#### [WORK TASK]
Only the lines from the one with "Foto del lago Fiorenza non elaborata" to the end of the data below should be given again, exactly, with both ends included and pictures omitted.

#### [INPUT DATA]
*** Block opens ***

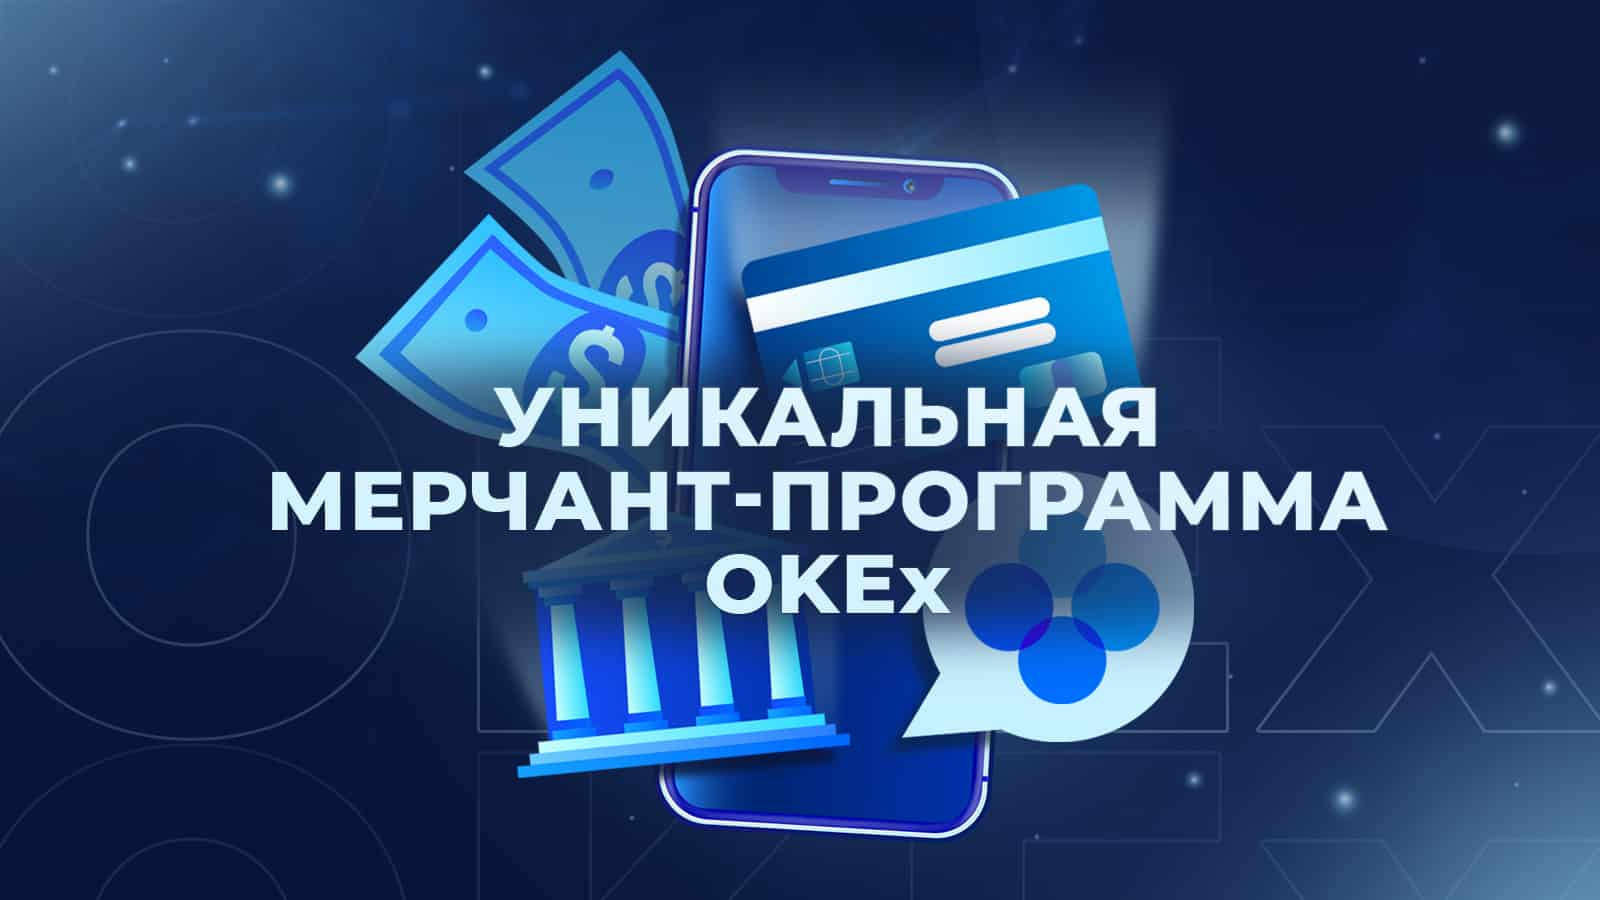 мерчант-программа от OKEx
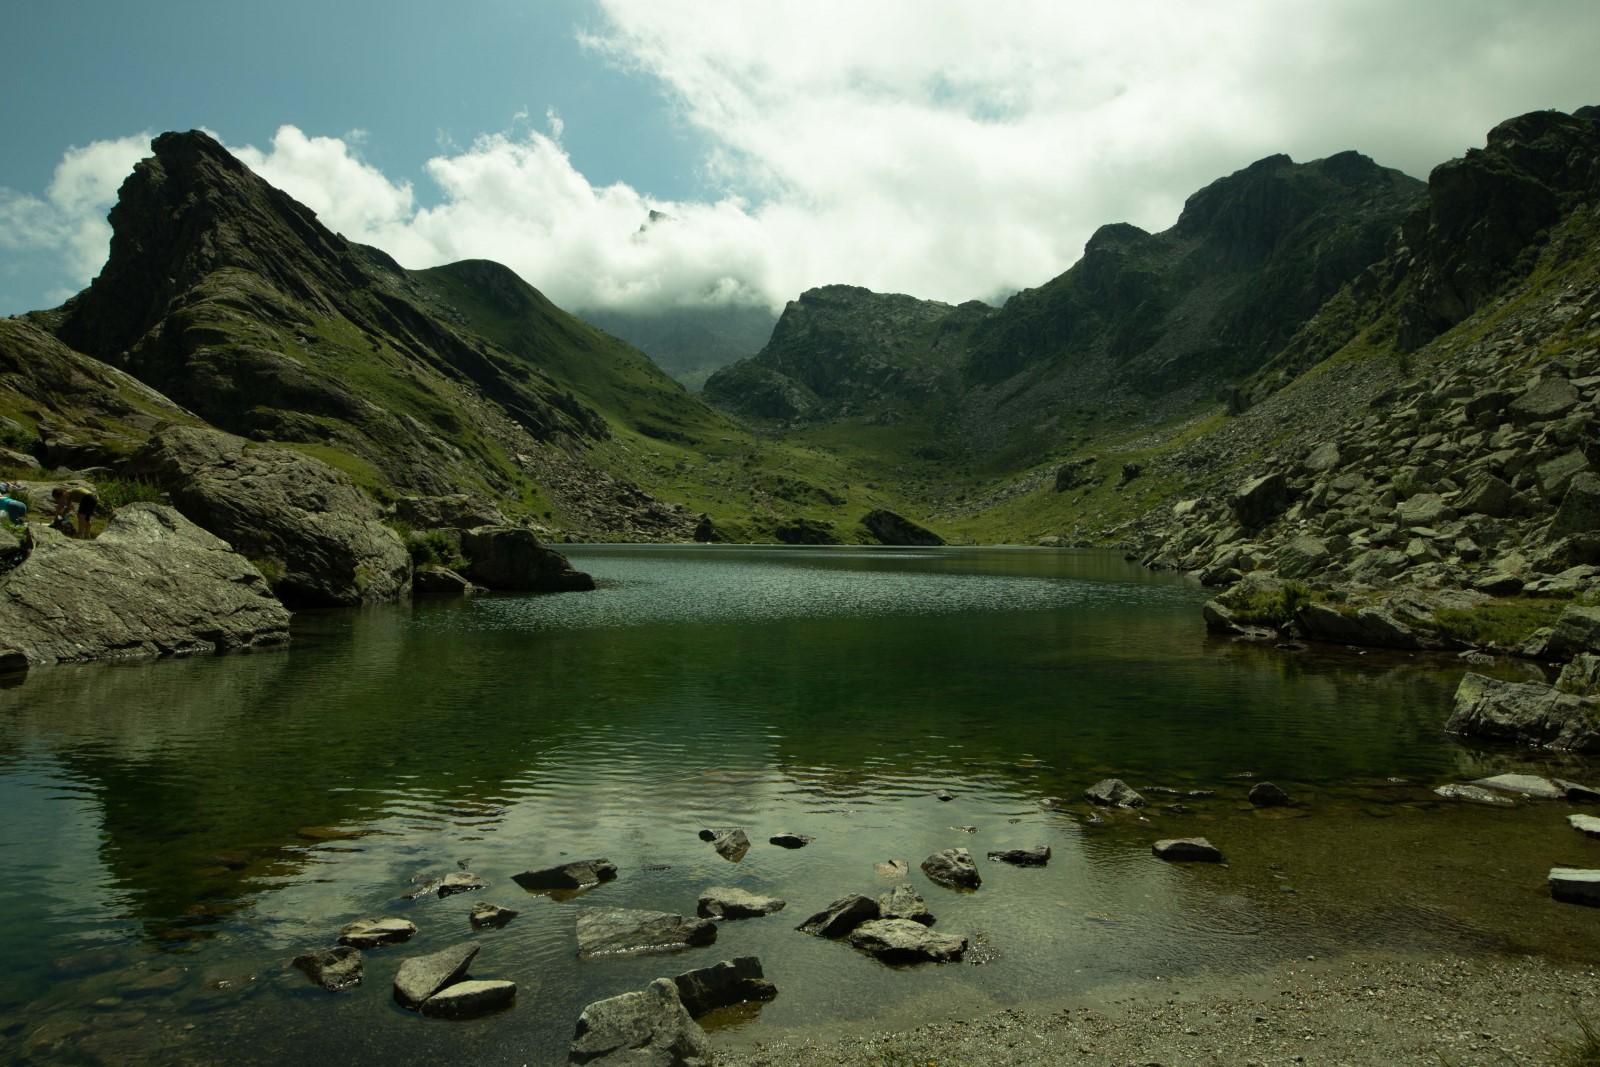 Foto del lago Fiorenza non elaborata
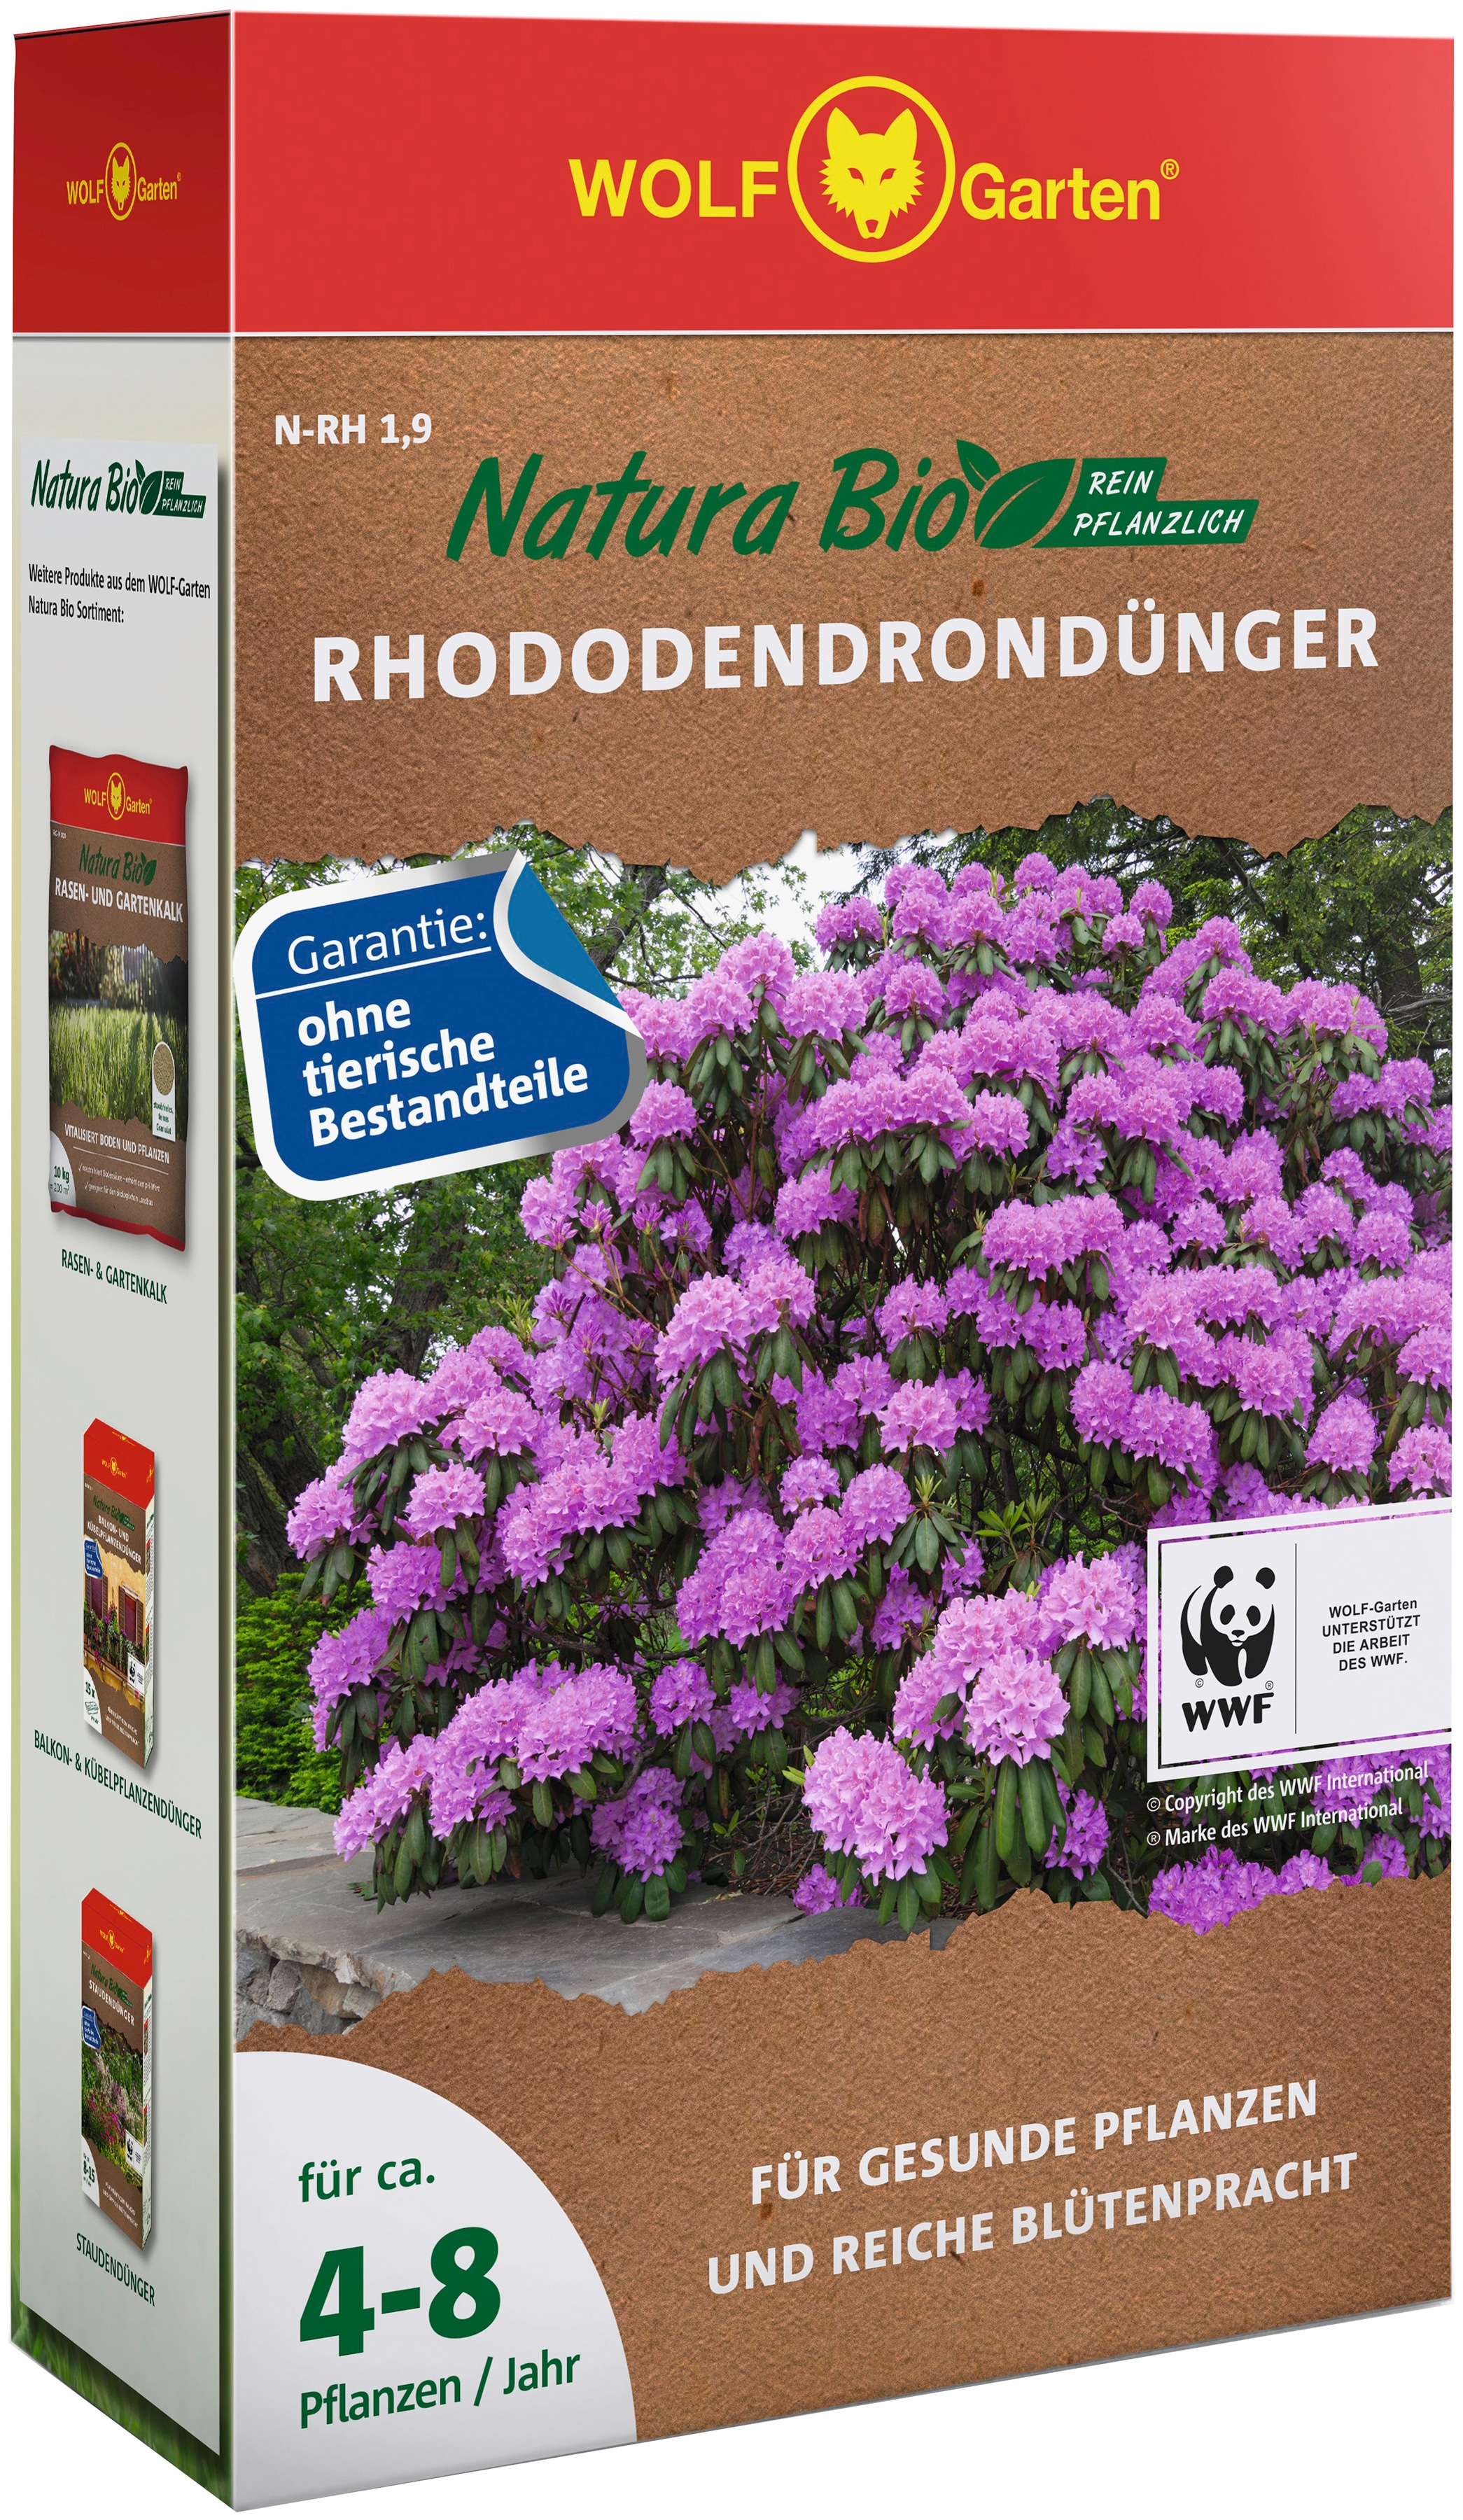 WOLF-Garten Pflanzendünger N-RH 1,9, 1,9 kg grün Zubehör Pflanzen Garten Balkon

*** Block closes ***

#### [ANSWER SECTION]
 Foto del lago Fiorenza non elaborata
 WOLF-Garten Pflanzendünger N-RH 1,9, 1,9 kg grün Zubehör Pflanzen Garten Balkon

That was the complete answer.